Tais apelos caíram em ouvidos surdos até agora, e parece improvável que a IAU revisite a controvérsia em breve. O astrofísico Ethan Siegel respondeu a Stern e Grinspoon na Forbes escrevendo : “O simples fato é que Plutão foi classificado erroneamente quando foi descoberto; nunca esteve no mesmo pé dos outros oito mundos”.

Mike Brown também entrou na conversa. “Então, ei, Plutão ainda não é um planeta. Na verdade, nunca foi. Nós apenas o entendemos mal por 50 anos. Agora, sabemos melhor. A nostalgia de Plutão não é realmente um argumento muito bom sobre o planeta, mas isso é basicamente tudo o que existe. Agora, vamos continuar com a realidade”, escreveu Brown no Twitter, onde ele abraçou seu papel na redefinição com o nome @plutokiller.

Com as crianças de hoje em dia (que nem nasceram quando Plutão era um planeta) perguntando por que a definição importa, os astrônomos disseram que não é uma resposta fácil e podemos ter que olhar além do nosso sistema solar para considerar o que faz um planeta e o que não.

Mais de 5.000 exoplanetas, ou planetas fora do nosso sistema solar, foram descobertos até hoje e estão mostrando um enorme conjunto de mundos. De “super-Terras” entre o tamanho da Terra e Urano, a “Júpiteres quentes” orbitando perto de sóis, a uma variedade de outros tamanhos planetários, os tipos de ambientes planetários a serem considerados estão mudando rapidamente.

O que essa proliferação de opções de formação de planetas nos mostra é que cada sistema solar pode ser seu próprio ambiente único. Embora possamos dizer de maneira mais geral que as estrelas podem formar planetas a partir do colapso de gás e poeira em seu ambiente, as dinâmicas individuais que controlam a formação de planetas são muito mais complicadas. Por exemplo, existem várias estrelas envolvidas? Quanta poeira está disponível? Existe um buraco negro ou uma supernova soprando a poeira e o gás valiosos que os planetas precisam para crescer?

Mesmo que os planetas tenham a sorte de crescer, como eles estão conectados com outros planetas no início de sua formação é pouco compreendido. À medida que os mundos interagem entre si, suas gravidades mútuas parecem deslocar os planetas para cada vez mais perto de sua estrela-mãe ou, em alguns casos, arremessar mundos para fora do sistema solar.

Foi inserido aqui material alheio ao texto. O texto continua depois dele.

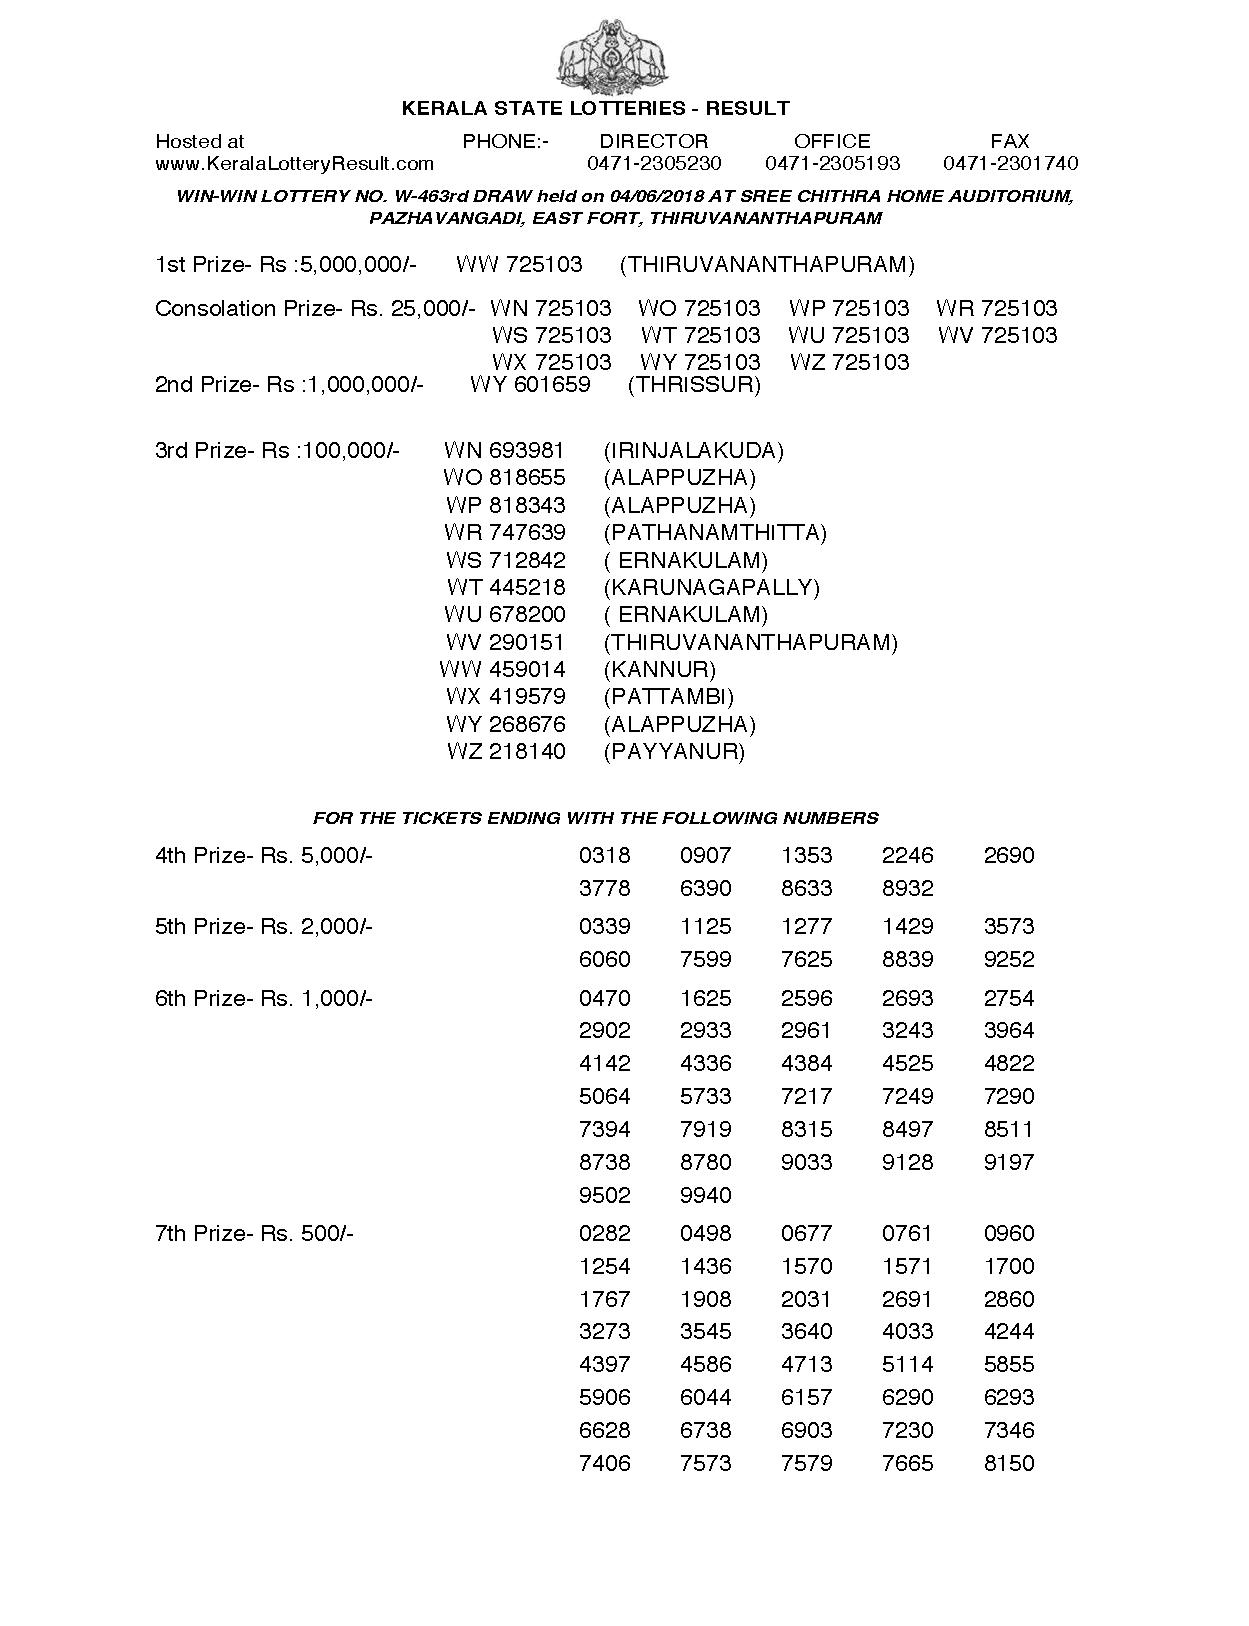 Winwin W463 Kerala Lottery Results Screenshot: Page 1
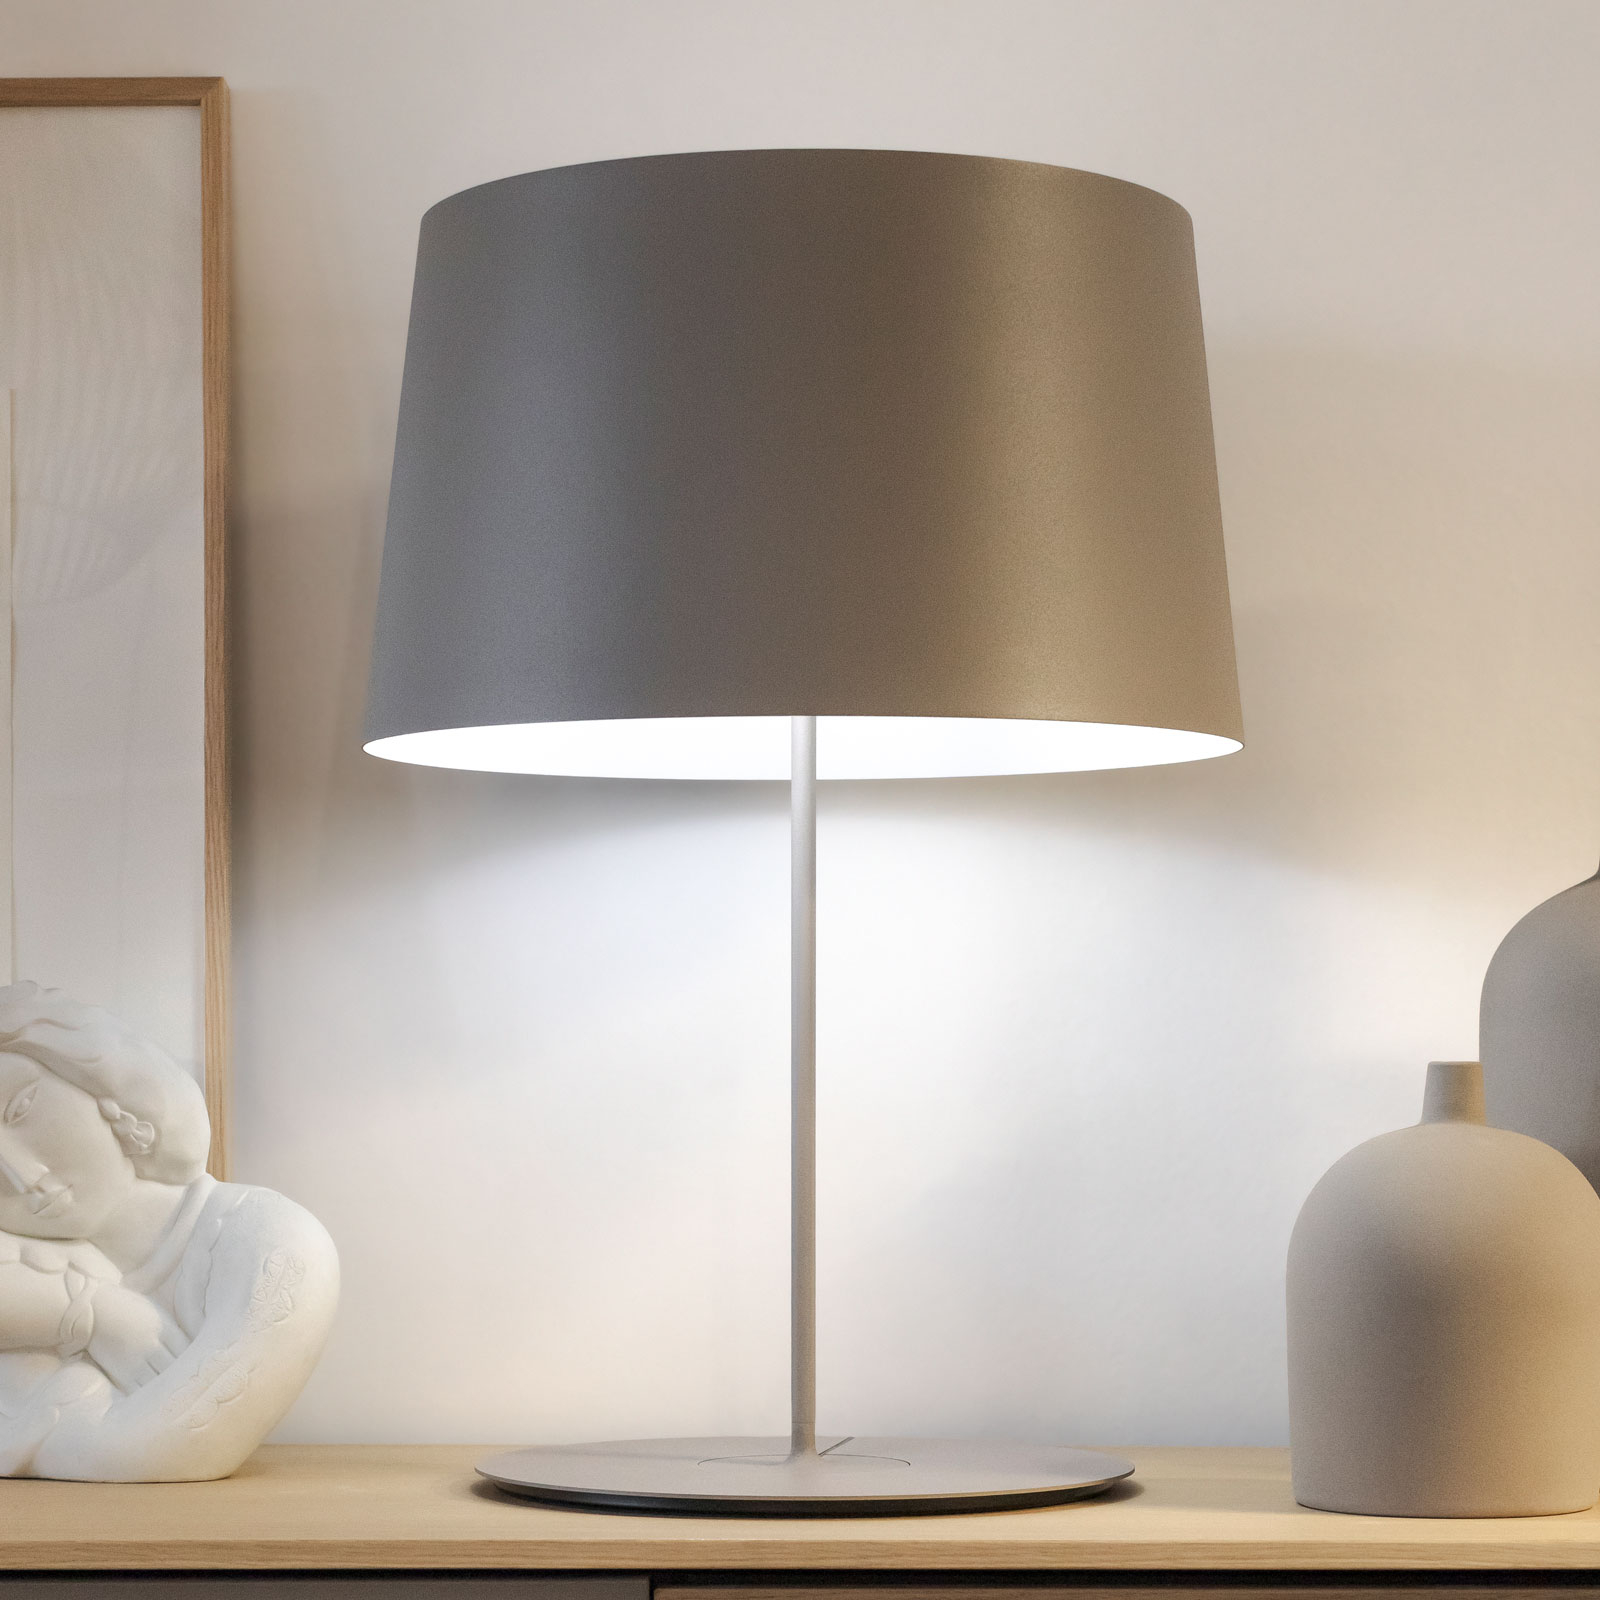 Vibia Warm 4901 lampe à poser, Ø 42cm, beige

O que tudo isso mostra é que nossa definição de planeta pode ter que se tornar mais situacional para dar conta do número de cenários em que um mundo pode se formar. Talvez os planetas possam estar ligados a circunstâncias particulares de formação ou zonas particulares. Tudo o que parece ser conhecido com certeza é que, à medida que coletamos dados, a planetidade e o debate que Plutão gerou continuarão a ser debatidos por algum tempo ainda.